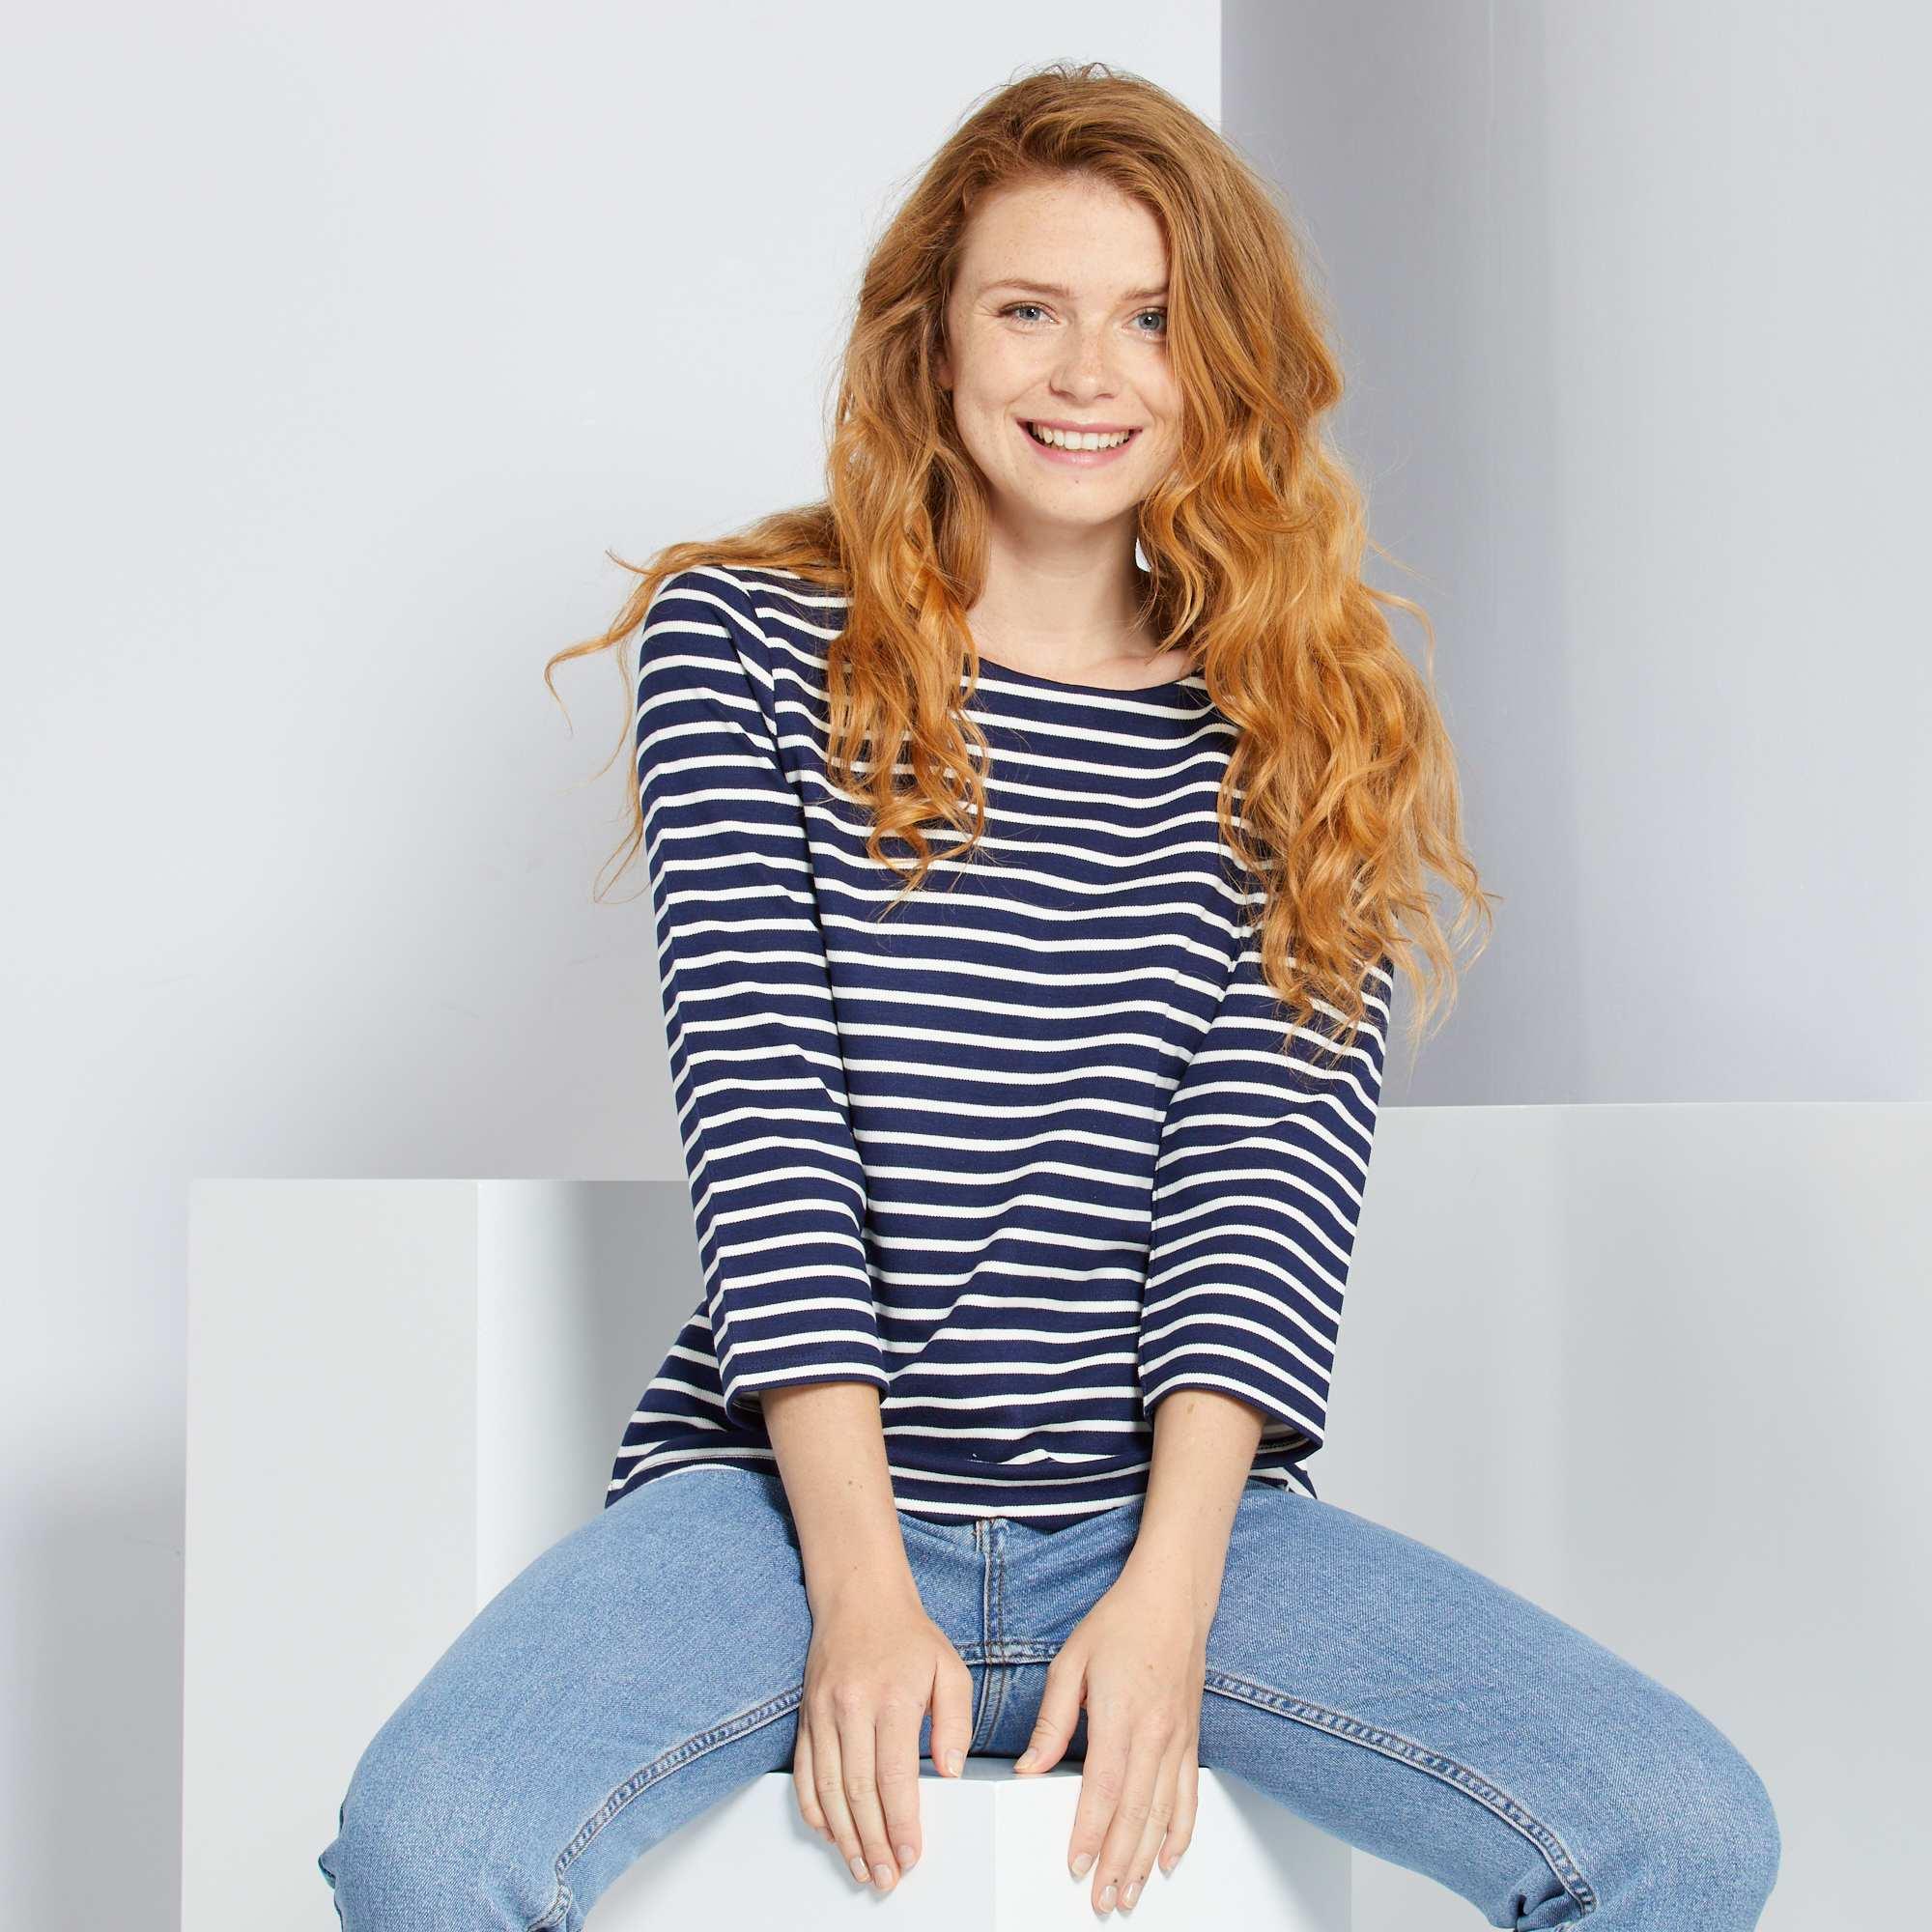 91dc0a81874df T-shirt marinière finition écaille Femme - marine rayé - Kiabi - 12,00€
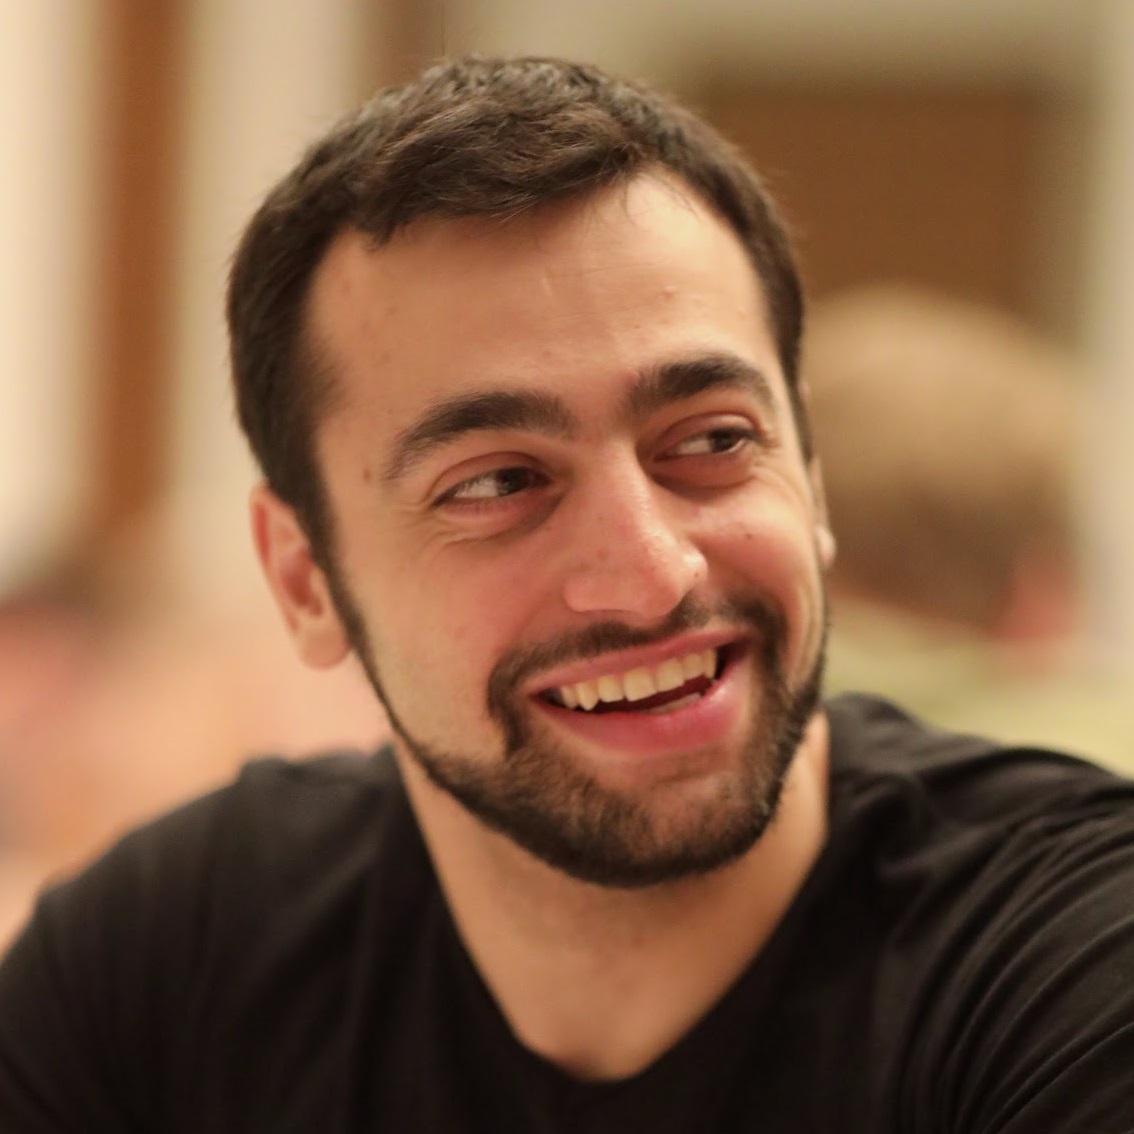 Viktor Kirilov
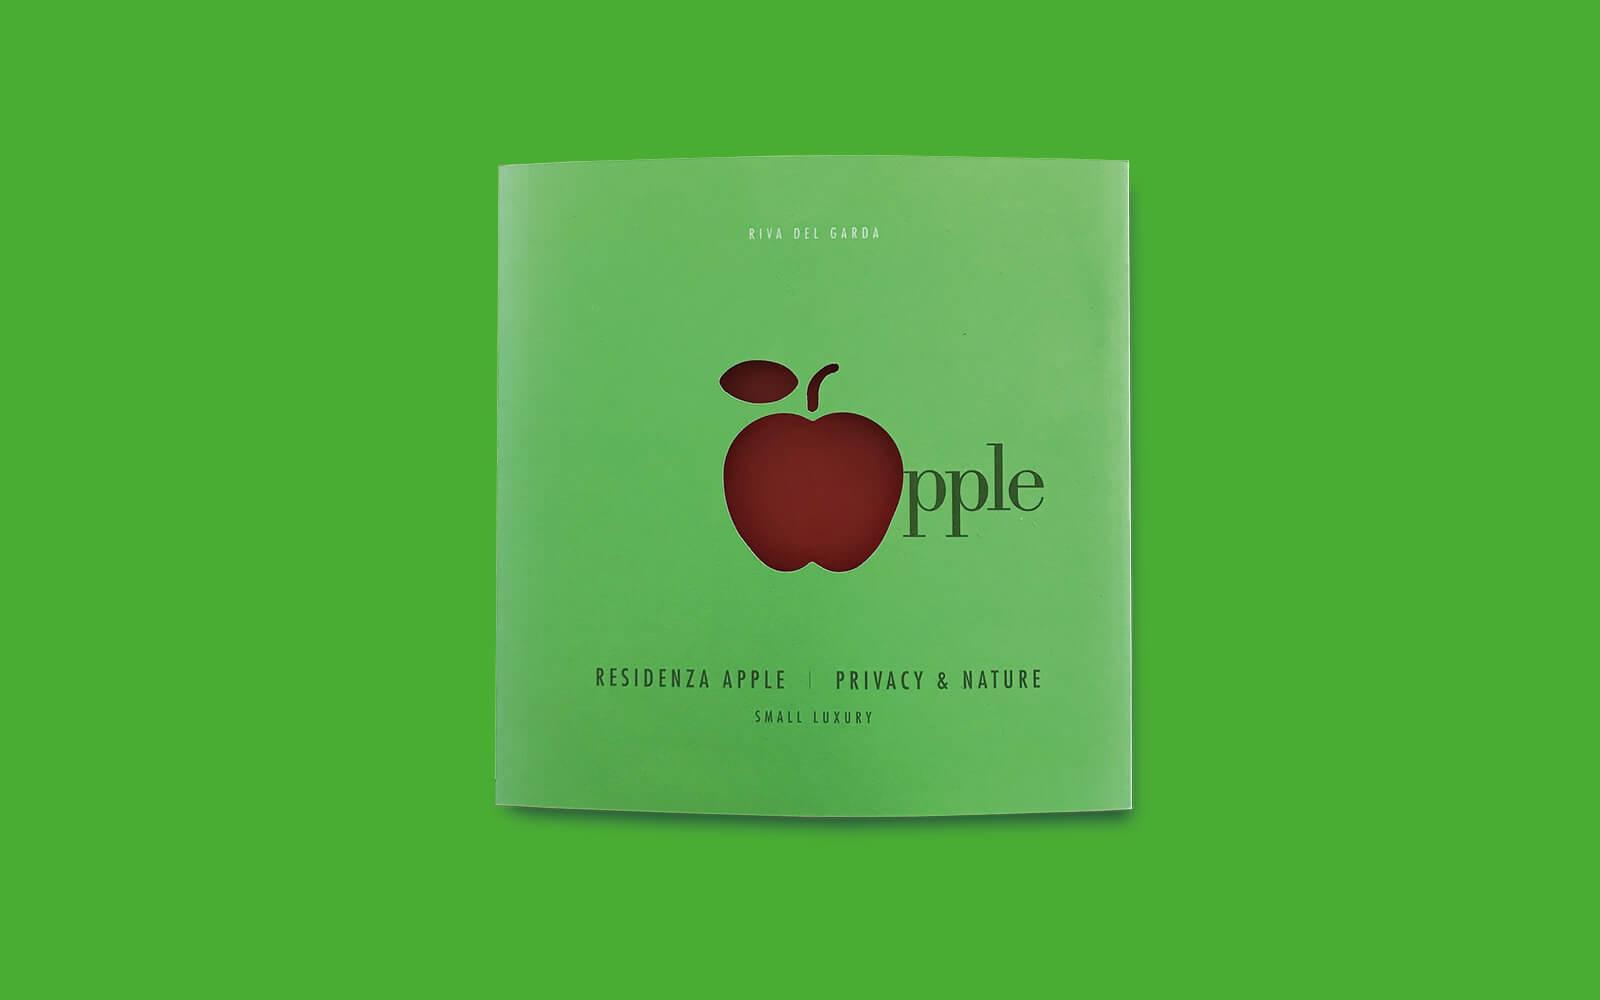 copertina verde fluorescente dell'elegante depliant promozionale vendite immobiliari Apple. Progetto grafico della agenzia di grafica Diade studio Arco di Trento

### Activity:
Please reproduce the listing exactly from its opening line through the line that contains "Viktor Kirilov", both included, with all pictures omitted.

### Reply to the task:
 91dc0a81874df T-shirt marinière finition écaille Femme - marine rayé - Kiabi - 12,00€
 Viktor Kirilov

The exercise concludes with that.